* _Instructions to follow_
Restate the listing below exactly, images excluded.
──────── Data block ────────
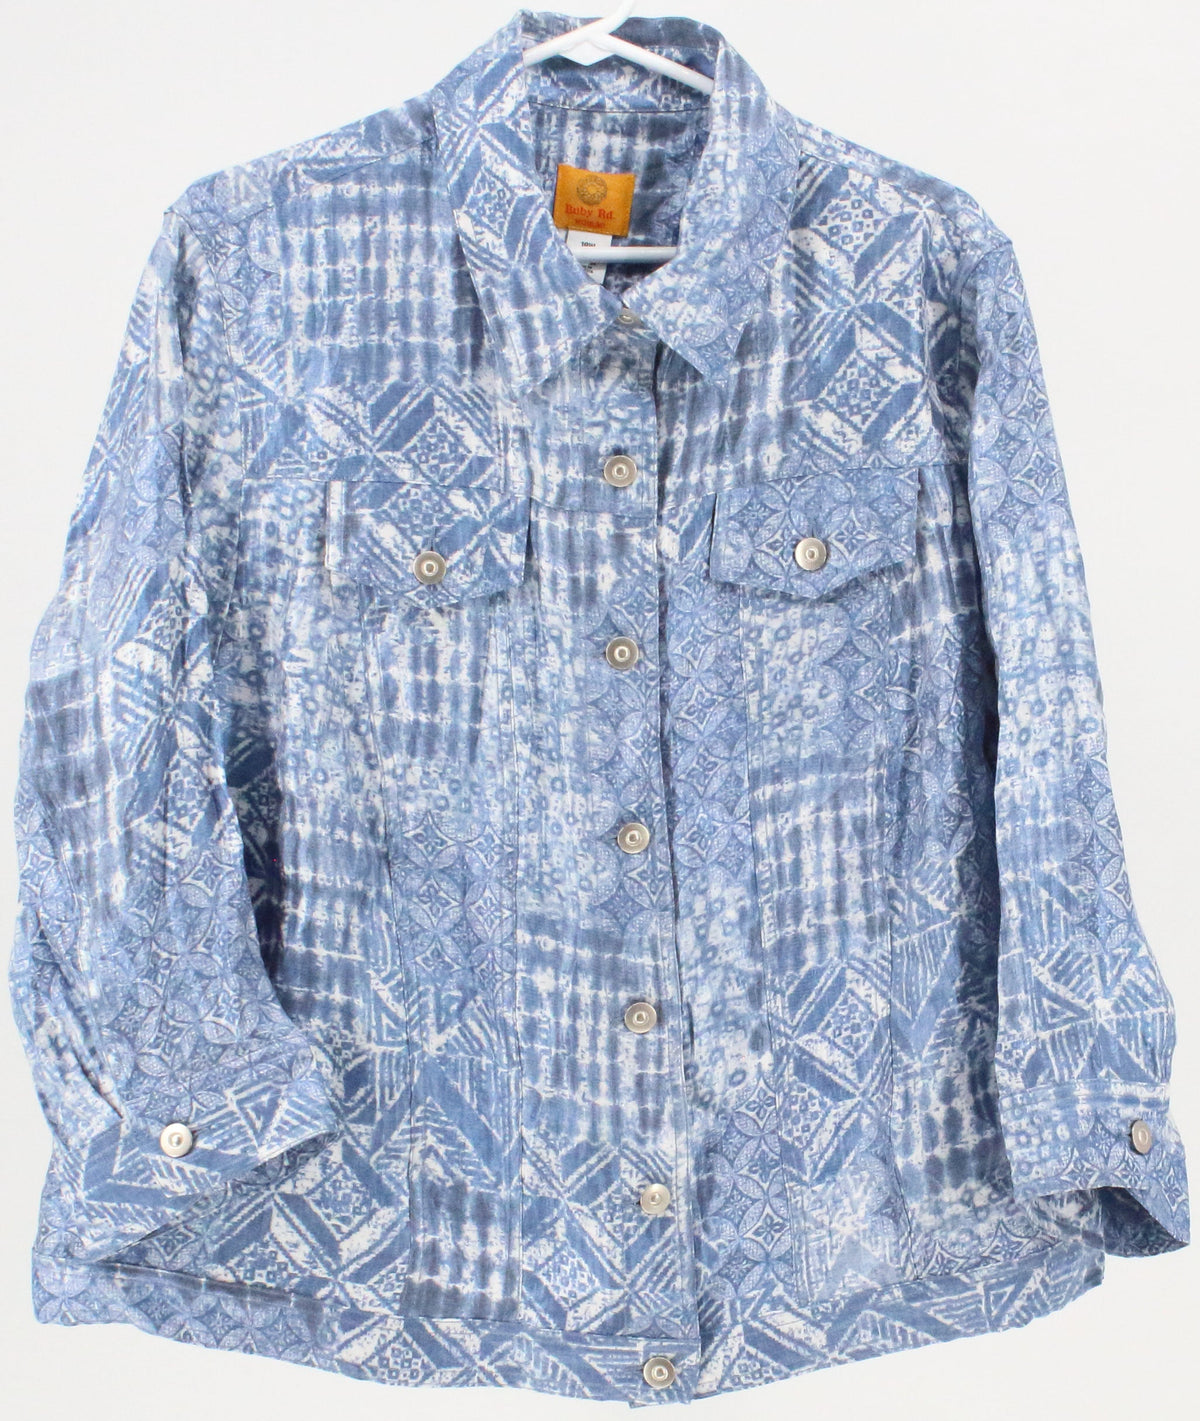 Ruby Rd. Blue and White Print Blouse
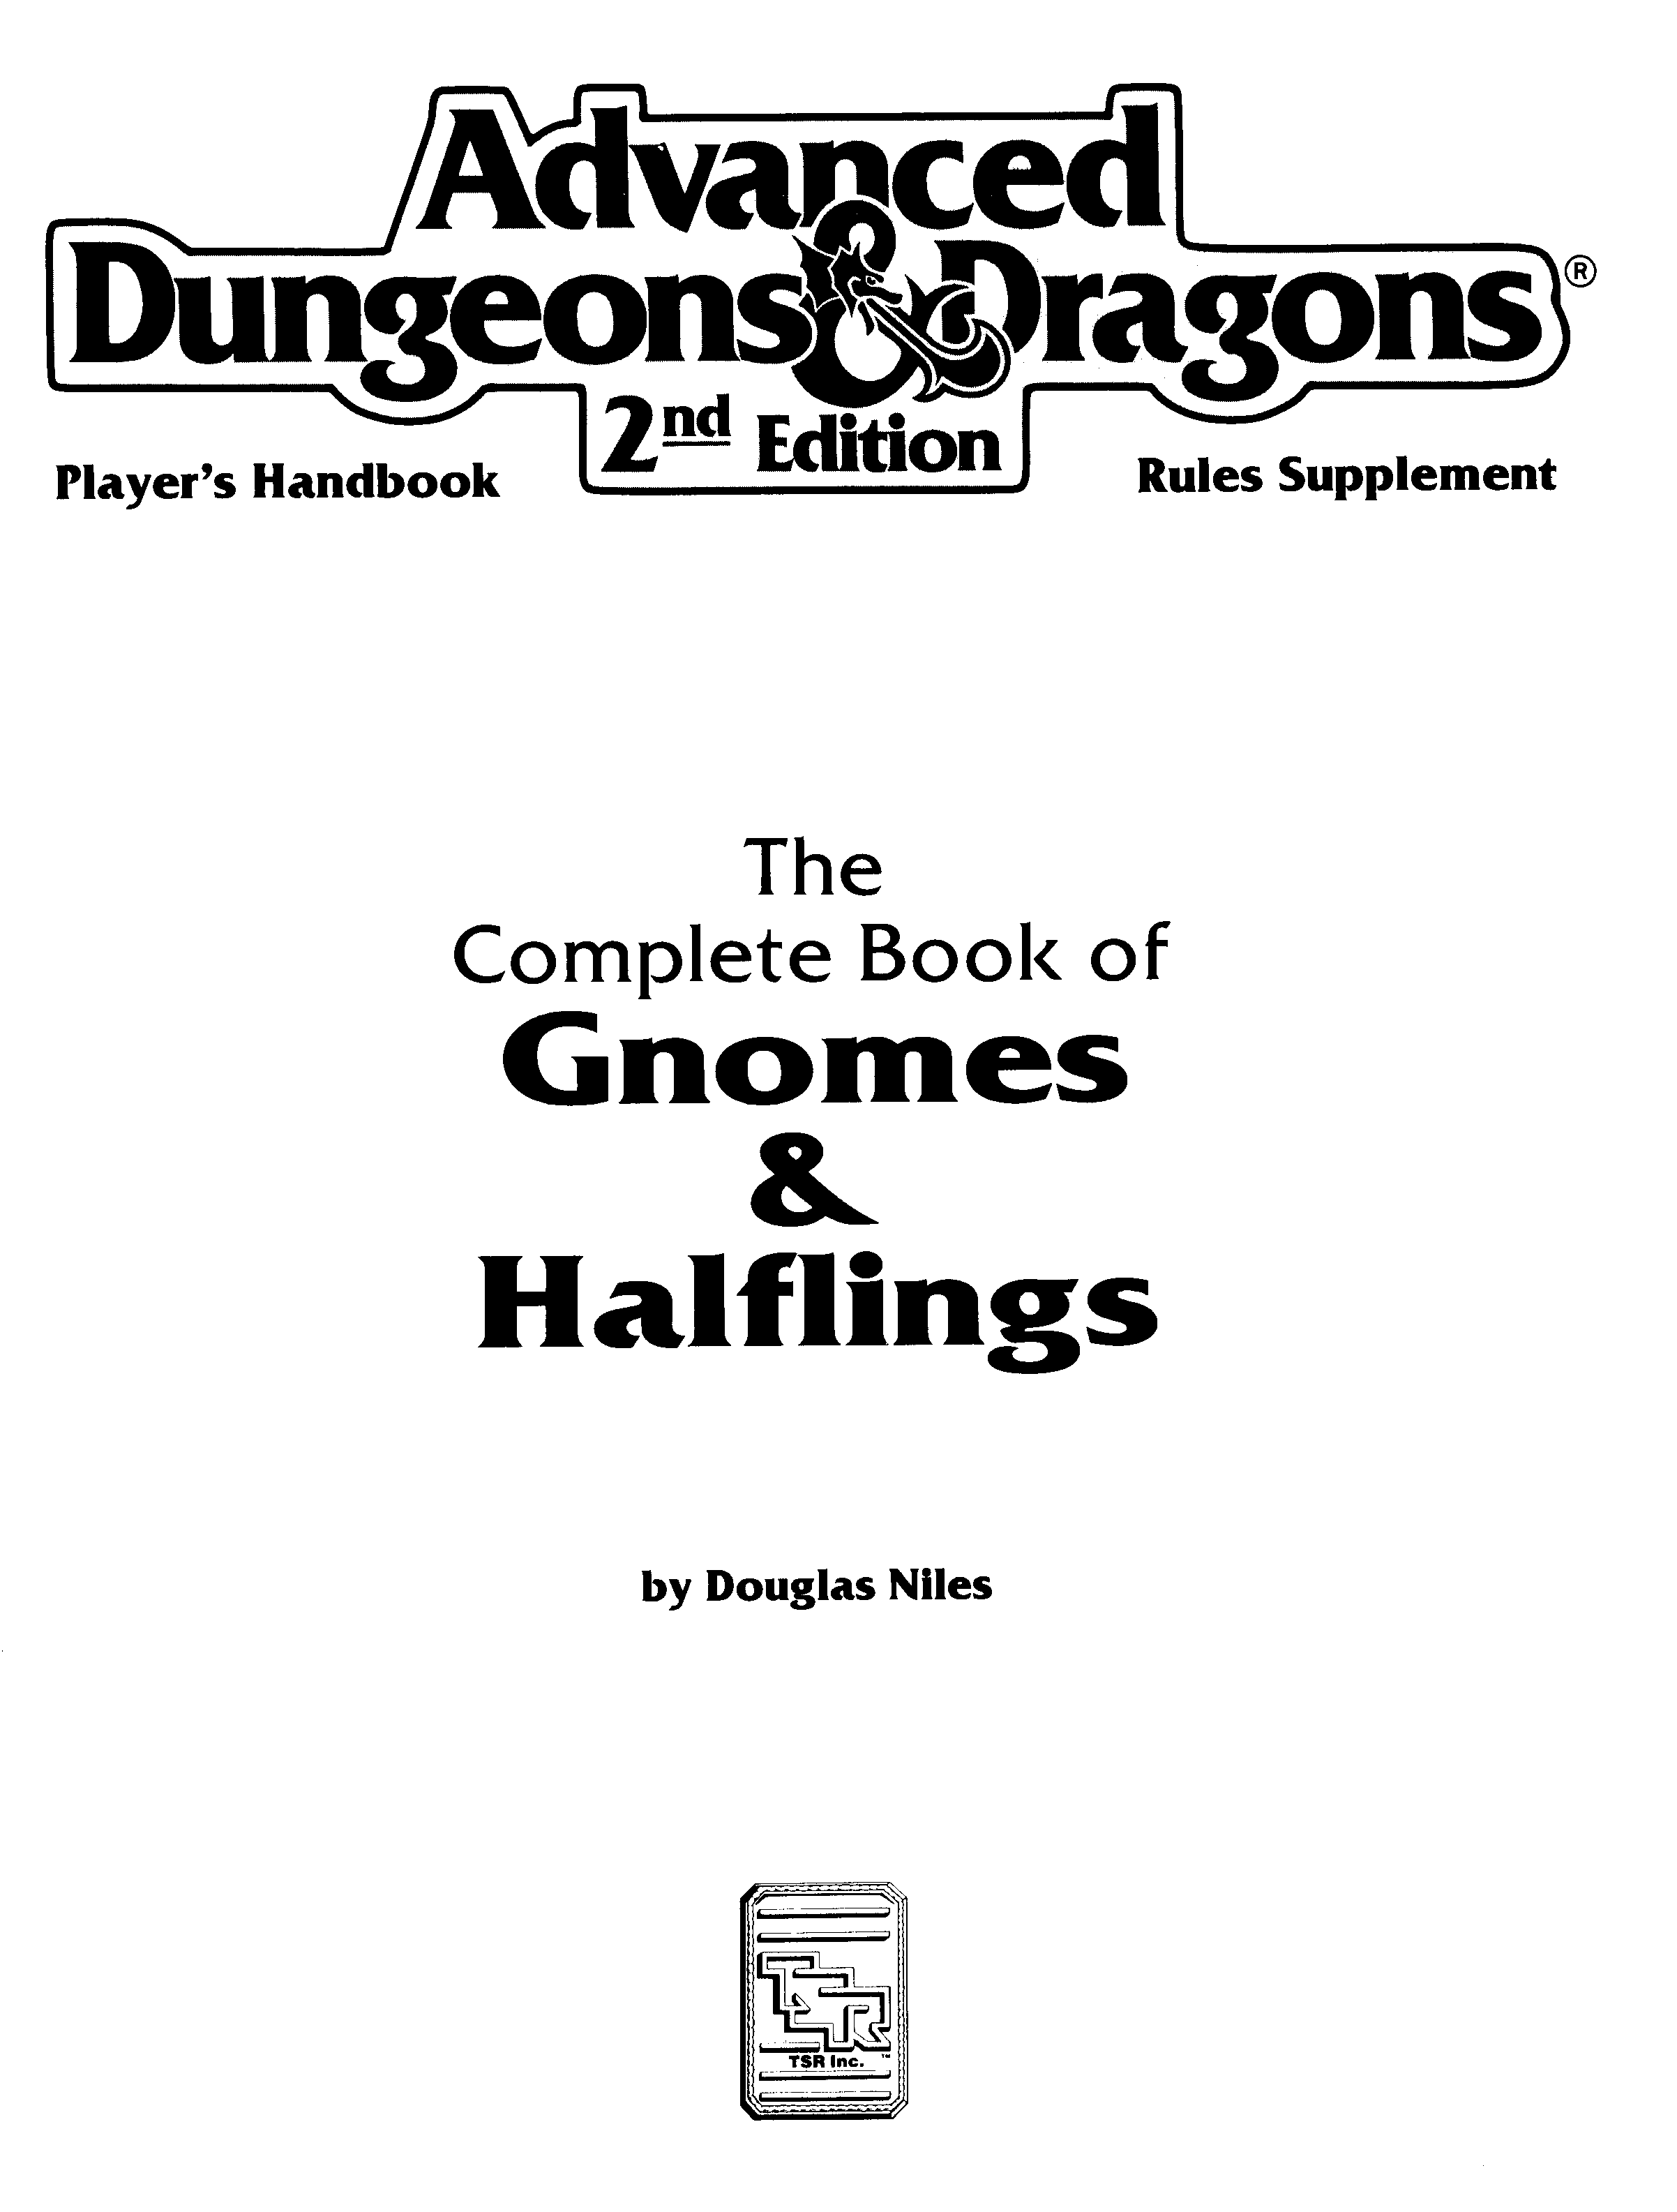 The Complete Book of Gnomes&Halflings
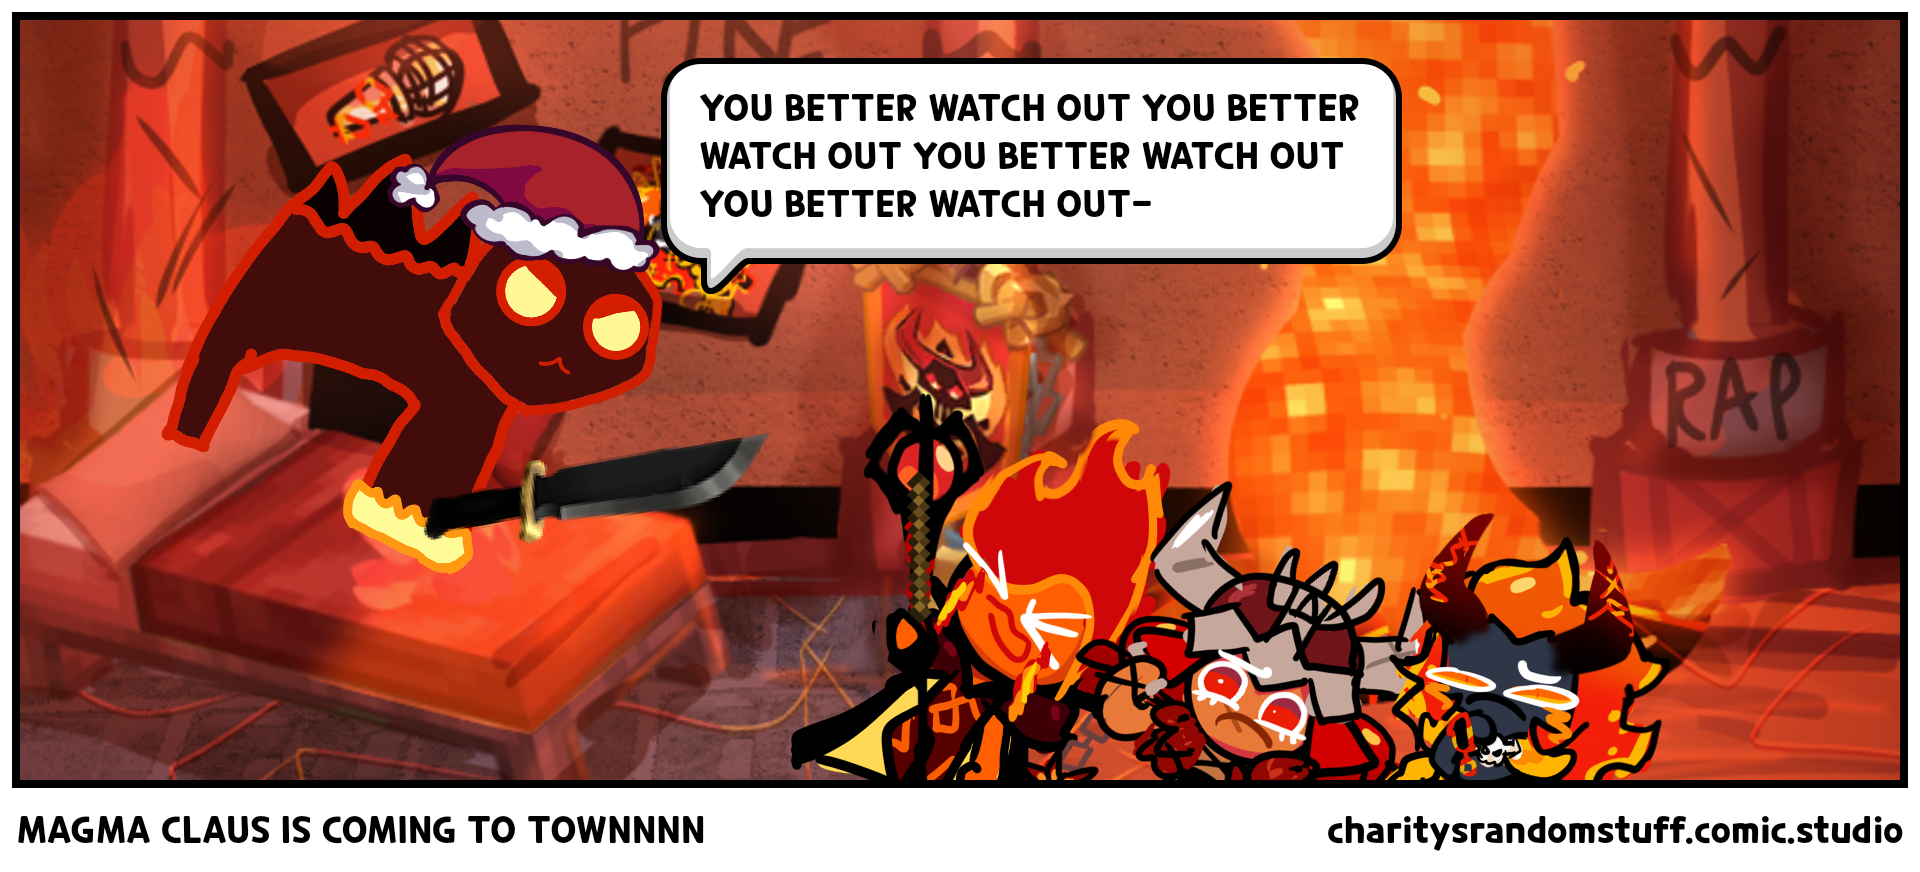 MAGMA CLAUS IS COMING TO TOWNNNN
────────
* _Exercise solution_
 Ruby Rd. Blue and White Print Blouse
 The Complete Book of Gnomes&Halflings
 MAGMA CLAUS IS COMING TO TOWNNNN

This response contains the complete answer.